色氨酸残基与蛋白质中固有金属离子的结合情况尚不清楚,而且关于吲哚的配位能力也知之甚少。在丙酮溶液中,吲哚 - 3 - 乙酰胺能取代顺式 - [Pt(en)(sol)₂]²⁺(其中sol为丙酮或H₂O)中的溶剂配体,形成具有螺环结构的配合物顺式 - [Pt(en)(吲哚 - 3 - 乙酰胺)]²⁺(3),其中新的双齿配体通过吲哚基的C(3)原子和酰胺氧原子与Pt(II)原子配位。¹H、¹³C、¹⁵N和¹⁹⁵Pt核磁共振谱以及紫外、红外和质谱都证实了这种结构。通过Hyperchem和CHARMM方法进行的分子力学模拟给出了一致的结构模型;后者通过密度泛函量子化学计算进行了优化。氨基酸为丙氨酸、亮氨酸、异亮氨酸、缬氨酸、天冬氨酸或苯丙氨酸的二肽样分子N - (3 - 吲哚基乙酰基) - L - 氨基酸在丙酮溶液中也能取代溶剂配体,形成配合物顺式 - [Pt(en) N - (3 - 吲哚基乙酰基) - L - 氨基酸)]²⁺(6),其结构与3相似,但以两种非对映异构体形式存在,通过¹H核磁共振光谱检测到。
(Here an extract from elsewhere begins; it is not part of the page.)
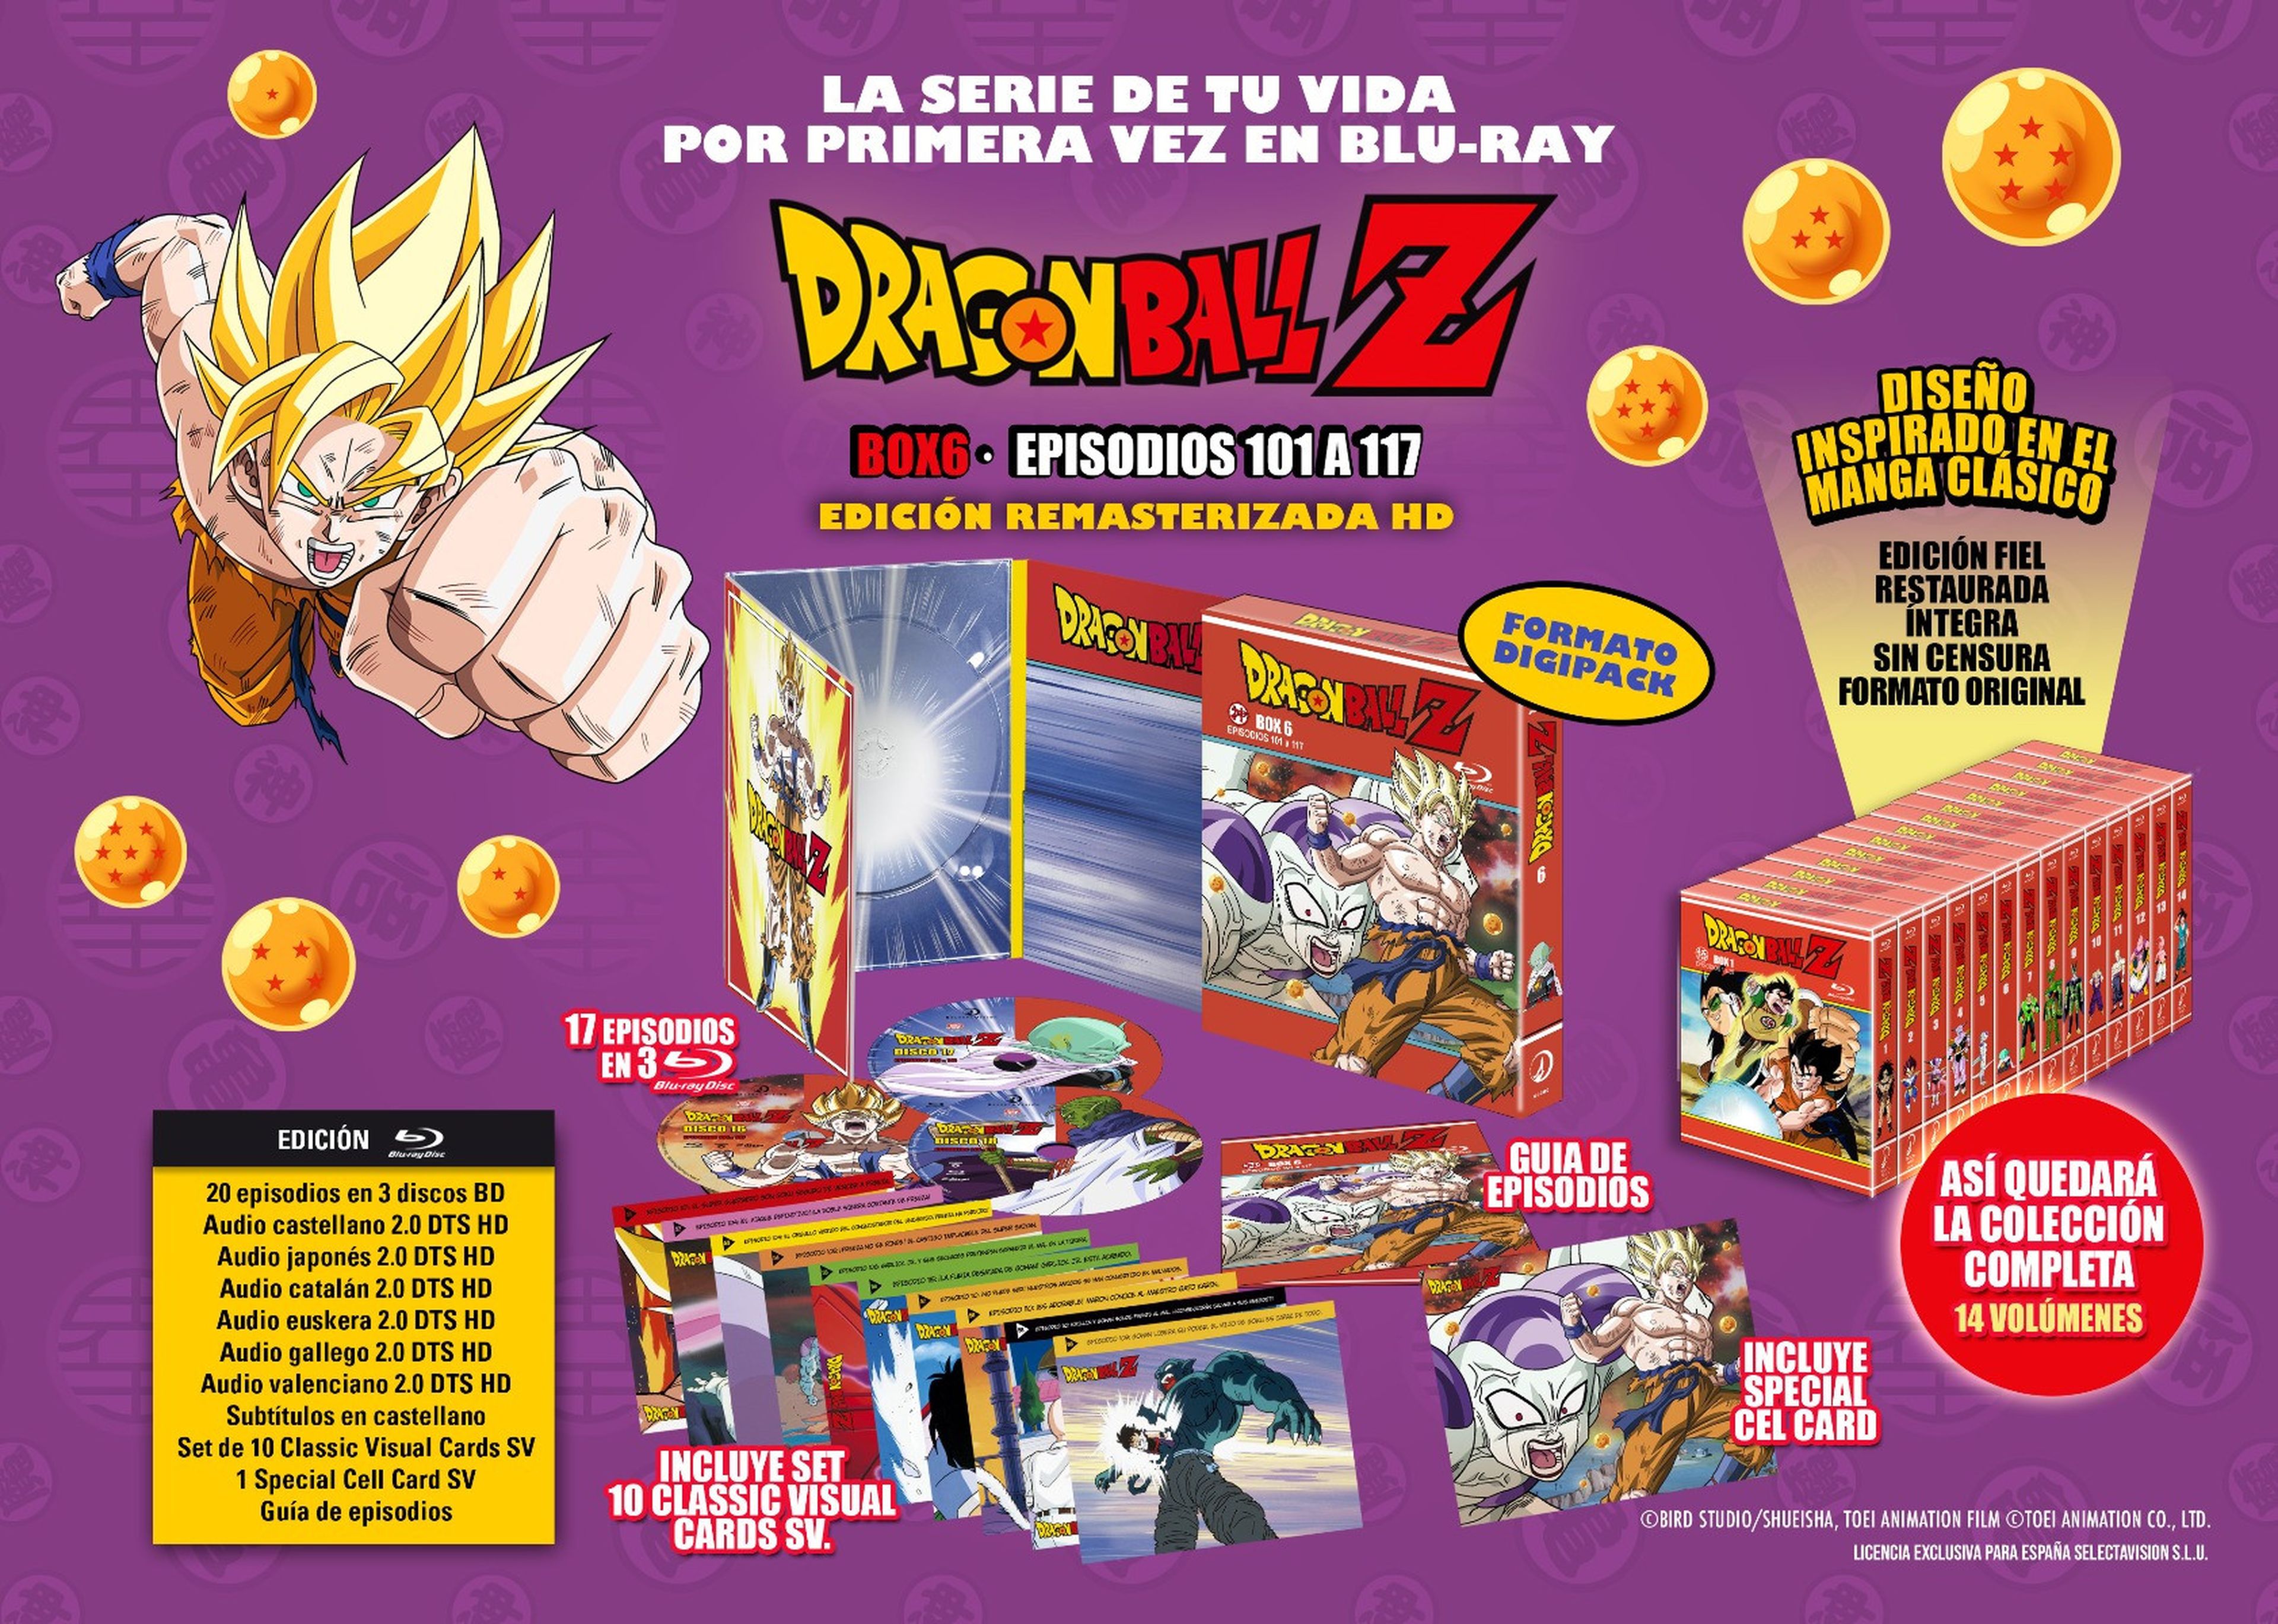 Dragon Ball Z - Portada y fecha de lanzamiento del Box 6 de la serie en Blu-ray con el regreso de Garlick Jr.

氨基酸部分体积越大,这些二肽样配体与Pt(II)原子的配位速度越慢。吲哚基不作为单齿配体配位;该原子与吲哚基C(3)原子进行双齿配位需要第二个供体原子。溶剂取代反应对吲哚 - 3 - 乙酰胺和顺式 - [Pt(en)(sol)₂]²⁺分别为一级和零级反应。¹H核磁共振数据、酸和水的动力学效应以及取代反应的活化参数支持了一种机制,即配体首先通过酰胺氧原子进行单齿配位,然后螺环闭合。对于进入的配体中体积最大的N - (3 - 吲哚基乙酰基) - L - 苯丙氨酸,反应对两种反应物均为一级反应。3中的双齿吲哚 - 3 - 乙酰胺配体很容易被(CH₃)₂SO和2 - 甲基咪唑取代,但不被CNO⁻、CH₃COO⁻和CH₃CN取代。配合物顺式 - [Pd(en)(sol)₂]²⁺和顺式 - [Pd(dtco)(sol)₂]²⁺与吲哚 - 3 - 乙酰胺的反应比它们的Pt(II)类似物更快,并生成与3类似的配合物。这项研究扩展了我们最近关于Pd(II)和Pt(II)配合物对含色氨酸肽进行选择性水解裂解的发现。